Response of Chinese immigrants
Many Chinese immigrants in Iceland, especially workers, had a different reaction, but their response did not get much coverage in the media. A number of Chinese immigrants in Iceland were active in defending the president during his visit.

The immigrants organized to greet Zemin upon arrival with red flags and banners. At a fish plant in the capital, one Chinese worker explained that all the workers of Chinese origin who work there took time off that day to take part in the welcoming events.

The Organizing Committee for a Communist League in Iceland issued a statement that was well received by people buying the Militant during the visit.

"The moves by the Icelandic government against tourists on passenger jets coming to Iceland are part of increasing attacks on democratic rights," the statement said. "According to the news, almost everyone of Asian origins was arrested upon arriving in Iceland, including professionals attending a scientific conference in Reykjavik. The Icelandic government seeks to test out its new anti-terrorist and immigration laws for everyone to see; to strengthen the Icelandic police and gather support for its enlargement and for some kind of an army unit; and to smear the image of the Chinese workers state."

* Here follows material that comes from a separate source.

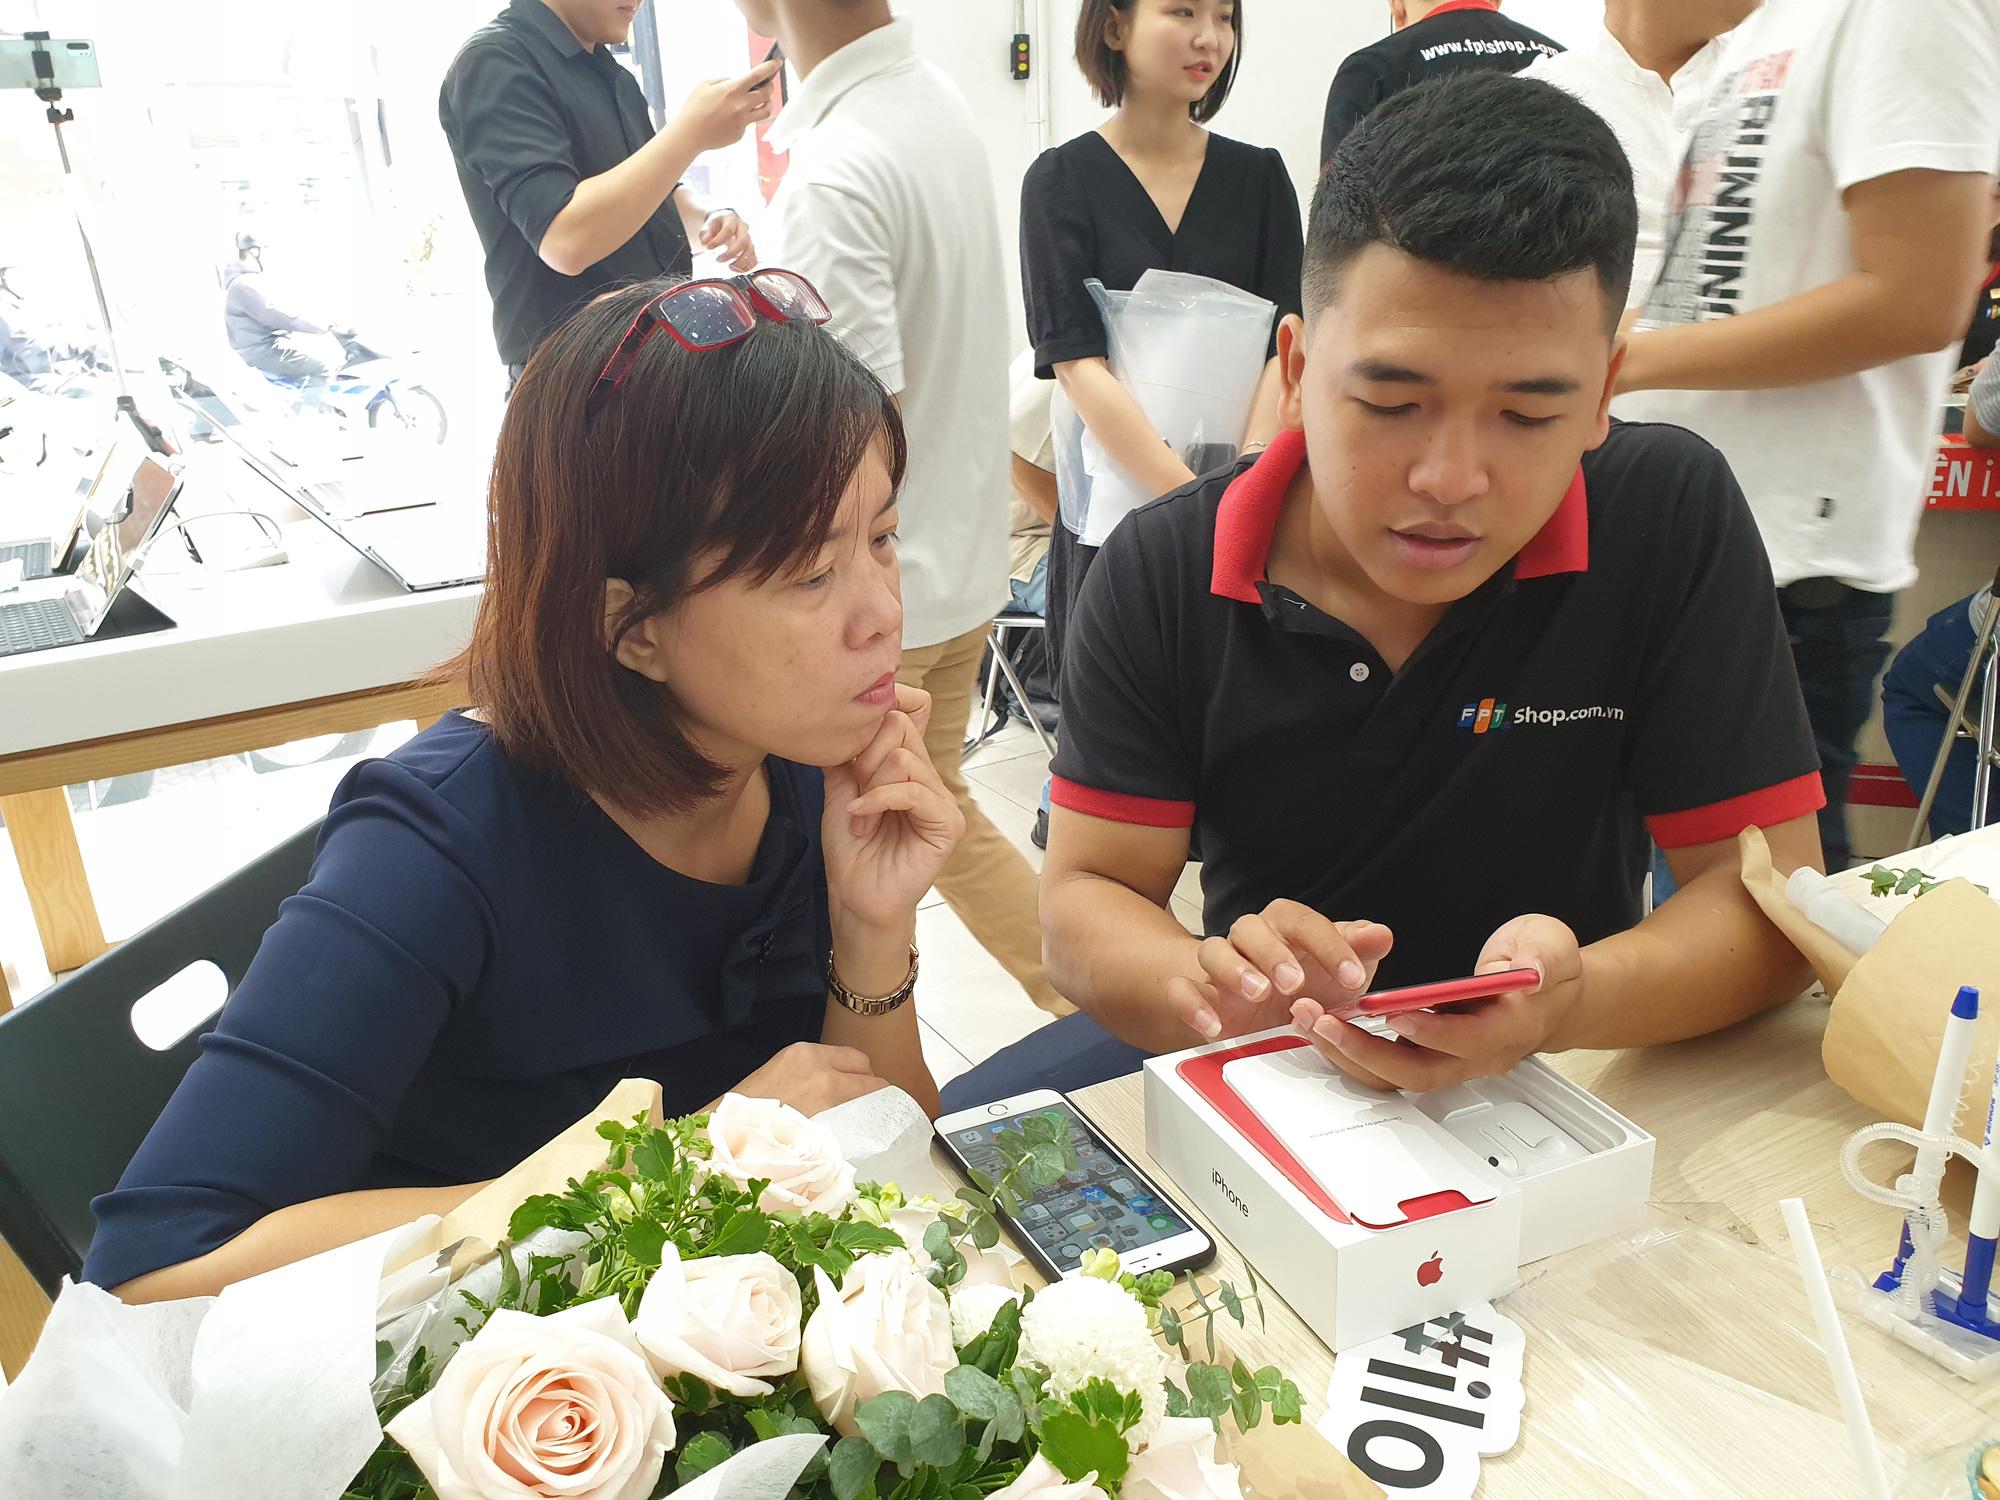 Thực hư thị phần điện thoại Vsmart vượt mặt cả iPhone của Apple tại Việt Nam? - Ảnh 6.

The Communist League statement pointed out that over the previous weeks the Icelandic government had deported 20 Romanian Gypsies from the country who were seeking asylum, and turned back a group of Albanians without them having a chance to explain their case publically. A month earlier "the authorities closed the borders, using an exemption clause to wall off a high-level meeting of NATO officials. The government took the opportunity to put armed security guards in domestic airports for the first time."

"Young people who want to fight against oppression, injustice, and defend democratic rights have many opportunities to link up with others fighting against capitalist exploitation and oppression," the statement said. "They should take part in and help advance these struggles, which are directed against the employers and their government and serve to protect the privileged propertied class."

Sigurdur Haraldsson is a member of the Hlíf General Workers Union Hafnarfirði and the Organizing Committee for a Communist League in Iceland.